Member Reviews
I was given this book by the publisher and Netgalley in exchange for an honest review.
I am pretty sure that I wanted to read this book because Jenn Lawson endorsed it. But maybe not. And I feel slightly awful for rating it two stars when it is about her horrific cancer journey and how she learned to fight on, but it just did not do it for me. I had a hard time seeing a continuity to her story. It just seemed to go from point A to point Q with some random stops along the way.
Thank you to NetGalley, Random House, and Kate Bowler for providing me a digital ARC in exchange for an honest review. All opinions are my own.
This review should have been written last September, when I actually received and read the book! Yes, I’m kinda late to the game here so my review will be less detailed, and more my overall impression.
Kate Bowler has probably been one of my favourite humans to follow on social media, and I would happily volunteer to be counted as best bud or something. I first heard about Bowler while studying theology at a college in Vancouver, BC. She was there to teach about Prosperity Gospel. I wasn’t really to concerned or interested in the topic or course, but kept hearing positive snippets from friends. I encountered Bowler again several years later through a conference I attended. I found Bowler to be intelligent (she’s a uni prof), funny, likeable, and extremely down-to-earth “normal”. Normal, except for when you start to read her book and learn of the struggle of facing stage 4 colon cancer.
“No Cure For Being Human” is memoir that highlights the reality of so many that are faced with a medical diagnosis that changes your life, and the life of those closest to you. Having read one of her previous books and being somewhat underwhelmed by the writing, I found this one a step up. It engaged me from the very beginning and I found myself both laughing and crying at the same time as Bowler wrote of her various medical experiences.

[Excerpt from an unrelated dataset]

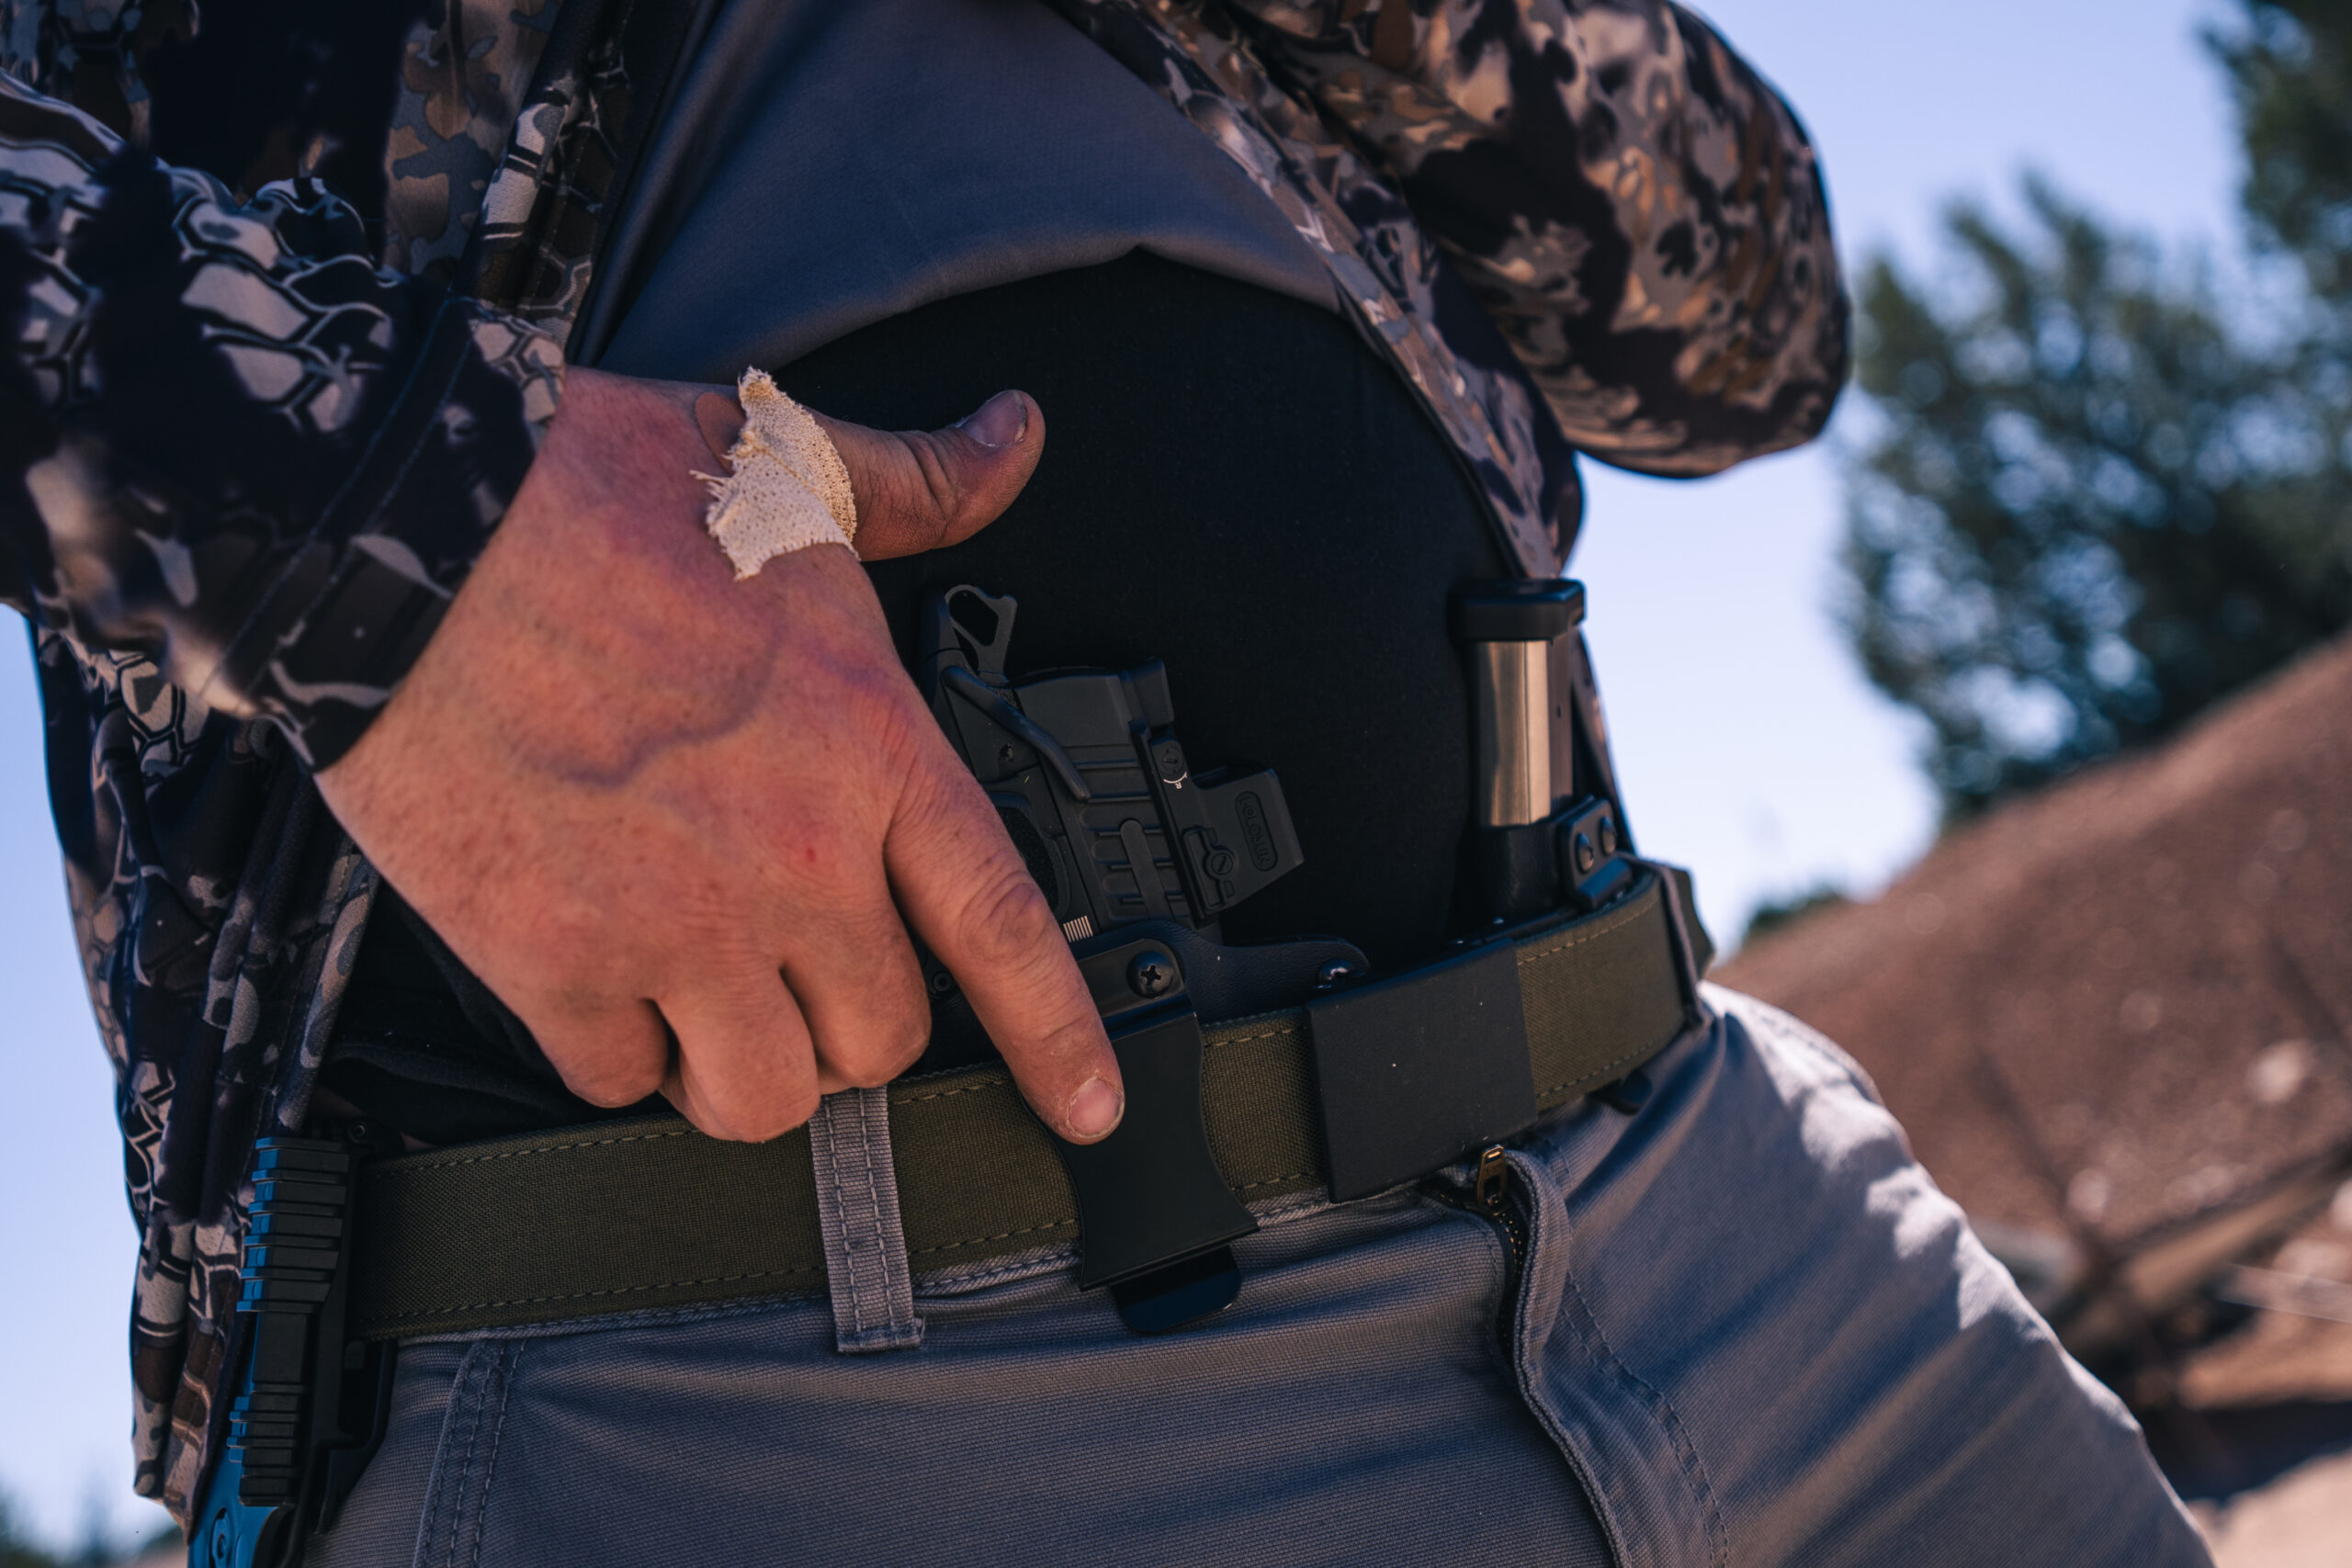 Discover The 3 Best Types Of Waistband Holster For Concealed Carry

This book is worth the read and I’ve recommended this, and Bowler’s other works to several friends. Though it deals with a difficult subject, it highlights the ongoing damage of toxic positivity - so Take this book and read it once a day to counteract the effects!!
Kate Bowler provides comments on her life while facing treatment for Stage Four colon cancer. Bowler is thoughtful and positive, using her divinity background to give readers insight into faith when faced with a deadly illness. The appendix "Cliches We Hear and Truths We Need" is especially delightful. No Cure for Being Human is a book sticks with the reader.
No Cure for Being Human by Kate Bowler was not the book I expected to read. I heard the author speak about this book on a podcast and I found her delightful and honest and full of hope. However, I found none of that in this book. Instead, this book tells the real story of a horrible cancer diagnosis and offers little hope other than stop trying so hard. It was difficult to read and had little conclusion. I received a digital copy of this book from the publisher with no obligations. These opinions are entirely my own.
No Cure for Being Human by Kate Bowler is a thoughtful memoir about her experiences being diagnosed with Stage 4 colon cancer in her mid-thirties. She takes us on an introspective, sometimes meandering journey about what it’s like being a wife and mother to a young child with such a devastating diagnosis. Bowler is a college professor and the intellectual and philosophical ruminations reminded me of the writing of Ann Lamott (Bird by Bird) and Katherine May (Wintering). She considers what we find important in our lives and what makes life worth living. Can we ever truly savor the moments we have? How do we live in the moment and grapple with our own mortality especially when others see us as separate objects on a tragic path? What legacy do we want to leave and what role does our professional career play in it? I enjoyed this thought-provoking, gentle memoir.
Thank you Random House and NetGalley for providing this ARC in exchange for an honest review.
I don't think that this was the time for me to read this book. I could not concentrate on if there was a point to this tale of cancer and change.
I continue to be amazed at the deftness with which Kate Bowler can go from a deeply researched theological subject to the much more intimate subject of her life. She carefully lets you into the most sacred spaces and times in her life with such a light, yet careful touch. Not many authors manage that line of giving insight into the darkest season of their life while bringing tears and laughter at the same time. I am thankful for voices like Kate Bowler's who wade into the hard spaces and guide us along with them.
What a fantastic and thought provoking read. Well written and engaging, the memoir of a young woman with her whole life ahead of her until one say it wasn't. Themes related to terminal illness and cancer. Great read.
Our COVID crazy world needs voices of hope and truth. Kate Bowler is one such voice. Her new book, “No Cure for Being Human”, speaks deeply to the fragility of our times.
I found myself laughing, crying, nodding, and sighing as I resonated with her account of what it means to be fully human. Diagnosed with stage 4 cancer at 35, Kate is searingly honest and hilariously funny, as she confronts her own mortality and reminds us of ours. She lovingly lays bare our illusions of invincibility, sharing her own wrestle with the uncertainties of life and complexities of faith.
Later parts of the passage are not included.